Podemos nos perguntar o que há de tão errado em se preocupar com o pão, visto que todos ali tinham necessidade de se alimentar, principalmente porque estavam indo para outra cidade. Contudo, podemos enxergar neste acontecimento quão falho é o ser humano no que diz respeito à confiança em Deus. Os discípulos temeram e duvidaram mais uma vez daquilo que poderia acontecer através do Senhor, e questionaram o poder que outrora já fora demonstrado. Eles já haviam presenciado uma grande multidão ser alimentada duas vezes. Os seus olhos viram o improvável, ainda assim os seus corações não descansaram naquilo que deveriam ter certeza, a saber, em todas as situações, Cristo é suficiente.

Não poucas vezes nos sentimos prontas para encher os pulmões de ar e falar as frases mencionadas no início deste texto. Porém, assim como os discípulos falharam em confiar no Senhor e não compreenderam que a sua preocupação era infundada, pois quem viajava com eles era Totalmente Poderoso, nós também procedemos de tal maneira. Quantas vezes desconfiamos do que Deus pode realizar e focamos demasiadamente nossa atenção naquilo que deveria ser confiado a Ele? Por que não conseguimos compreender que durante toda a nossa trajetória aqui na terra - e para toda a eternidade - o nosso Pai estará conosco e que não precisamos nos preocupar com o pão? A falta de fé é paralisante.  Ela nos impede de entender qual é a vontade de Deus para a nossa vida por meio de Sua Palavra, de descansar Nele, de agradá-lo e glorificá-lo.  A ansiedade preenche o nosso ser, e já não entendemos que Deus nos chamou para sermos mulheres que vivem pela fé. Ficamos preocupadas com o pão. Questionamos como será a nossa vida, o que haverá de suceder, quando teremos o emprego dos sonhos, com quantos anos iremos casar, mas esquecemos de levar a Deus as nossas orações e súplicas por meio de Cristo e na certeza de que o Espírito Santo intercede por nós. 

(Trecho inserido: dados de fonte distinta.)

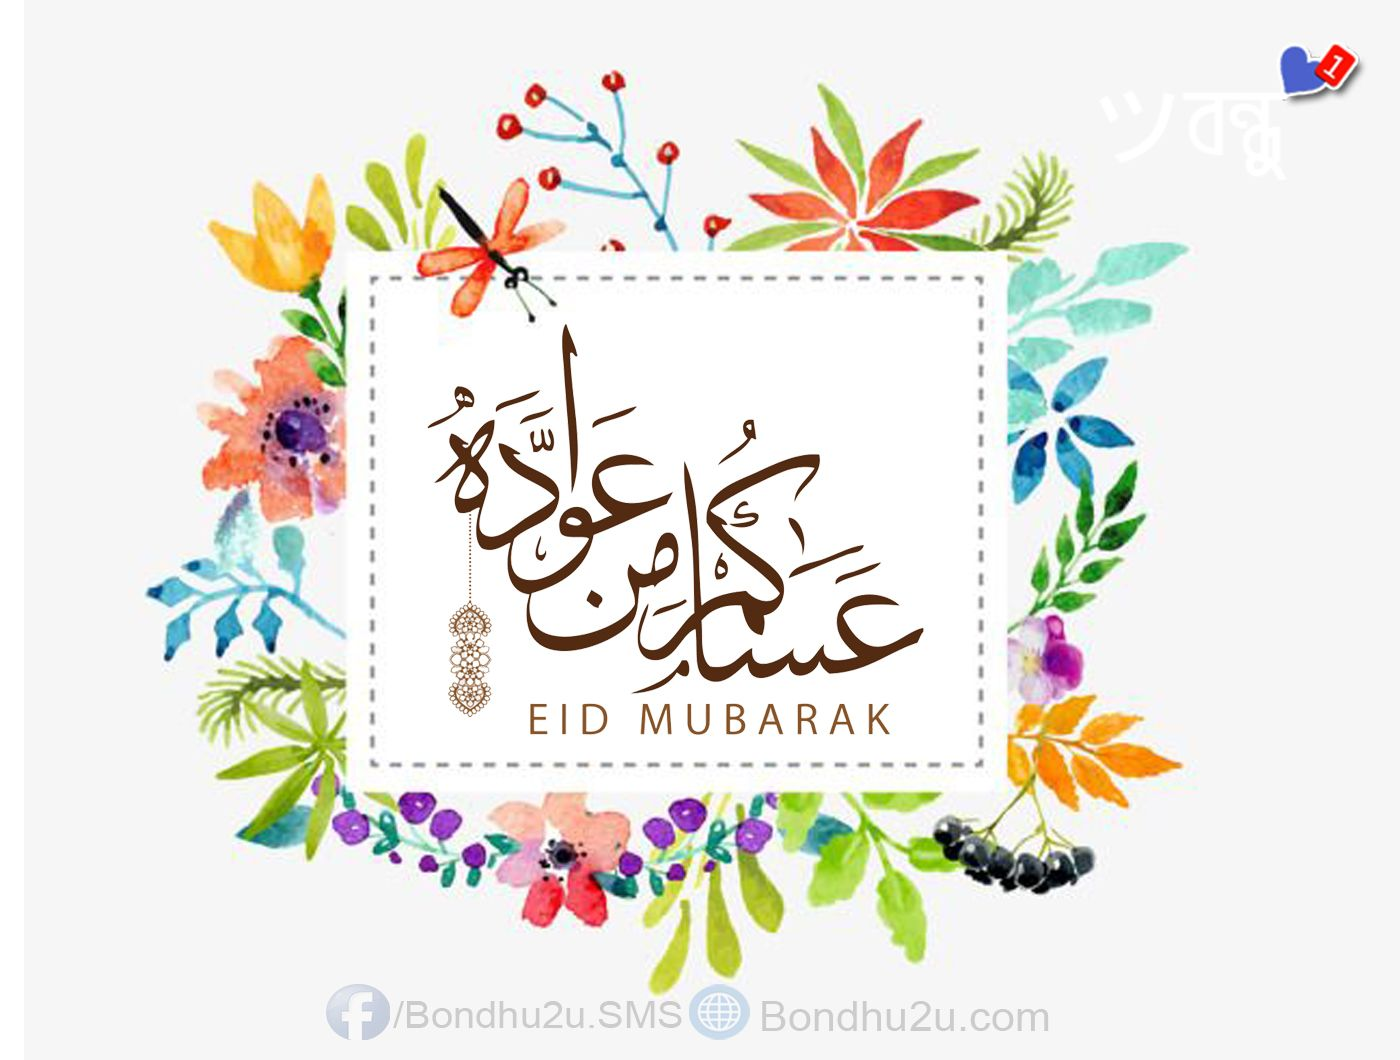 Eid Mubarak Sms Shayari Eid Mubarak Wishes Eid Mubarak Happy Chocolate Day

Recordemos a história de Jill no livro “A cadeira de prata”, em As Crônicas de Nárnia¹. Aslam havia dado quatro instruções detalhadas acerca do que  sucederia na aventura que logo começaria. Devido às situações externas e internas, apesar da confiança que demonstrou no início, a menina se vê totalmente confusa e esquecida do que tinha de ser feito. Dúvidas invadem o seu pequeno coração. A esta altura, Jill estava com a sua fé abalada, pois não se recordava das palavras reconfortantes proferidas pelo Grande Leão.

O Senhor nos relembra de maneira graciosa que não precisamos ficar ansiosas. Devemos ter fé naquilo que Deus pode fazer, e Ele pode fazer tudo! Que a fé não nos falte na travessia desta vida, apesar das circunstâncias adversas, dúvidas, temores, sofrimentos, violência, calamidades. Por mais que a ponte seja perigosa, contamos com uma ajuda constante. Tenhamos fé!

Hellen Juliane           


¹LEWIS, C.S. As Crônicas de Nárnia. São Paulo: Editora WMF Martins Fontes, 2009.